Hessen-Wahl ungültig?: Chaos Computer Club ficht Wahl an

Weil mit manipulierbaren Maschinen abgestimmt wurde und Wahlhelfer Beobachter ausgesperrt haben, zieht der Chaos Computer Club vors Wahlprüfungsgericht.

Die Stimmabgabe per Wahlcomputer sei manipulierbar - und nicht nachzählbar, kritisiert der CCC. Bild: dpa

BERLIN taz Der Chaos Computer Club will durchsetzen, dass die Hessen-Wahl in acht Gemeinden wiederholt wird. Deshalb hat er vor dem Wahlprüfungsgericht Einspruch gegen die Wahl vom 27. Januar erhoben. Durch den Einsatz von Wahlcomputern seien in sieben Wahlkreisen die Grundsätze der Öffentlichkeit und Amtlichkeit verletzt worden, heißt es in der schriftlichen Begründung, die der taz vorliegt.

Darüber hinaus sei den vom Computer Club entsandten Wahlbeobachtern in mehreren Gemeinden der Zutritt zu Wahllokalen verweigert worden, was eine "Verletzung einfachen Wahlrechts" darstelle.

Bereits vor der hessischen Landtagswahl hat der CCC beim hessischen Staatsgerichtshof eine einstweilige Anordnung gegen den Einsatz von Wahlcomputern beantragt. In sieben Wahlkreisen waren rund 100.000 Stimmberechtigte zur Wahl an die Tasten gebeten worden. Die Rechner zählen das Ergebnis in Sekundenschnelle aus.

Der Chaos Computer Club lehnt den Einsatz von Wahlmaschinen jedoch ab: Sie ermöglichten Manipulationen, außerdem könne das Ergebnis hinterher niemand nachzählen, wie es bei einer Wahl mit Stimmzetteln möglich ist. Der Staatsgerichtshof von Hessen hatte den Eilantrag mit der Begründung abgelehnt, man könne die Wahl erst nach der Abstimmung im Rahmen eines Wahlprüfungsverfahrens anfechten. Genau das hat der CCC jetzt getan. "Nicht nur der Einsatz der Computer selbst war rechtswidrig", sagte Constanze Kurz, Sprecherin des CCC, "auch die Begleitumstände waren höchst zweifelhaft."

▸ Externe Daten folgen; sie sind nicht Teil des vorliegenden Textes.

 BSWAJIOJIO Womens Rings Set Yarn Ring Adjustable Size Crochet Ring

In der Gemeinde Niedernhausen etwa seien die eingesetzten Wahlcomputer Politikern nach Hause geliefert und dort bis zum Wahltag privat gelagert worden, heißt es in der Einspruchsbegründung. Dies sei ein Verstoß gegen das Wahlgesetz. "Absolut haarsträubend", findet das die CCC-Sprecherin Kurz.

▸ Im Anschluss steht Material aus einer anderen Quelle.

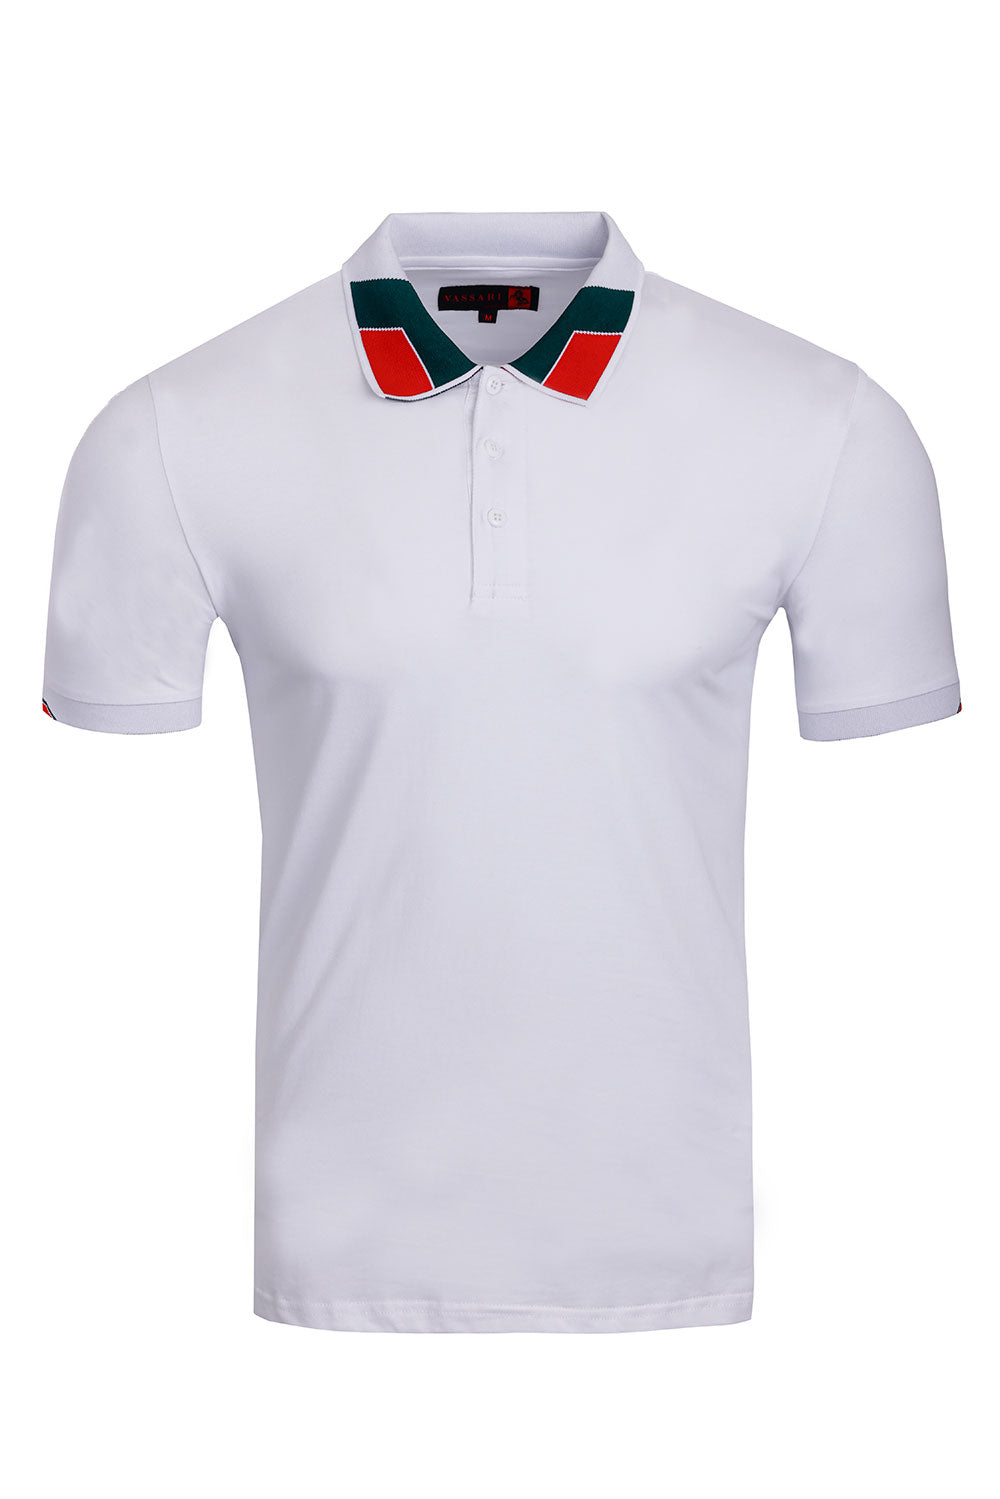 Vassari Men's Collar Color Pattern Stretch Polo Shirt 3VP636 White
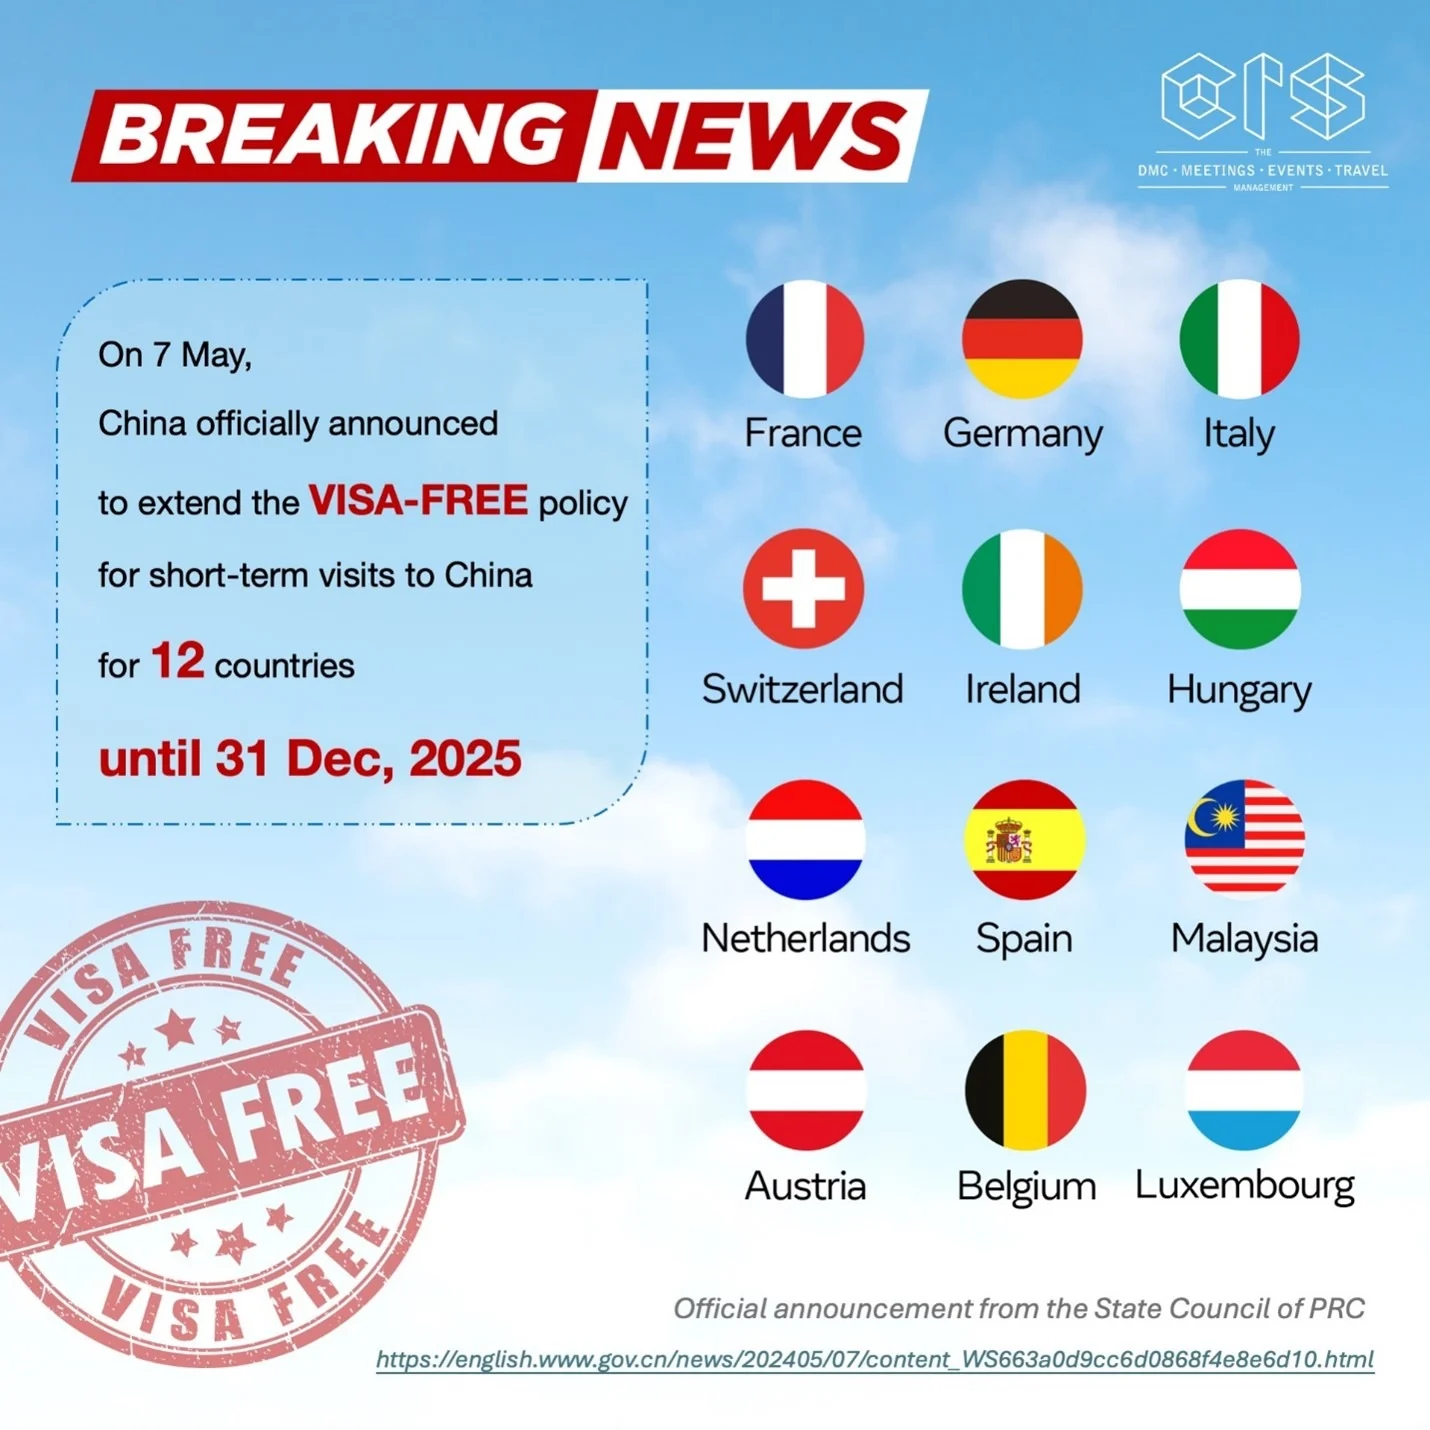 Visa info

In der Begründung zu dem Einspruch heißt es, jedem Bürger müsse unmittelbar vor, während und nach dem Wahlakt Zugang zum Wahllokal gewährt werden, um den Auf- und Abbau der Geräte und auch die Ergebnisermittlung zu beobachten. Andernfalls werde das Prinzip der Öffentlichkeit von Wahlen verletzt und dies sei "stets ein grundlegender Verfahrensmangel, der eine Anfechtung der Wahl rechtfertigt". Am gravierendsten wiegen für den CCC jedoch die prinzipiellen Gefahren, die er mit dem Einsatz von Wahlcomputern verbunden sieht: "Der Grundsatz der Öffentlichkeit der Wahl wurde durch den Einsatz von Wahlcomputern verletzt, weil die Korrektheit der Stimmenzuordnung zu den einzelnen Kandidaten und Parteien für die Öffentlichkeit nicht überprüfbar ist."

Auch das Prinzip der Amtlichkeit sei durch den Computereinsatz verletzt worden, weil die Behörden lediglich an Mustergeräten überprüft hätten, ob sie funktionieren. Ob tatsächlich eingesetzten Maschinen mit den überprüften Mustern baugleich waren, sei nicht geprüft worden.

Ob es selbst bei Anerkennung der Mängel tatsächlich zu einer Wiederholung der Wahl käme, ist nach Expertenmeinung fraglich. "Dies wäre nur bei evidenten Fehlern möglich, die tatsächlich Einfluss auf die Sitzverteilung haben", sagte der Berliner Rechtsprofessor Ulrich Battis von der Humboldt-Universität. Er halte das für unrealistisch. "Das Wahlprüfungsgericht wird die Sachverhalte jetzt in Ruhe prüfen und rechtlich bewerten", kündigte der stellvertretende hessische Wahlleiter Rolf Meireis an. "Sollte es Mängel geben, kann der Landtag das Wahlgesetz korrigieren." Auf ein schnelles Urteil sollte der Computer Club jedoch nicht hoffen. "Ein Ergebnis in sechs bis acht Monaten wäre ein außerordentlich schnelles", sagte Meireis.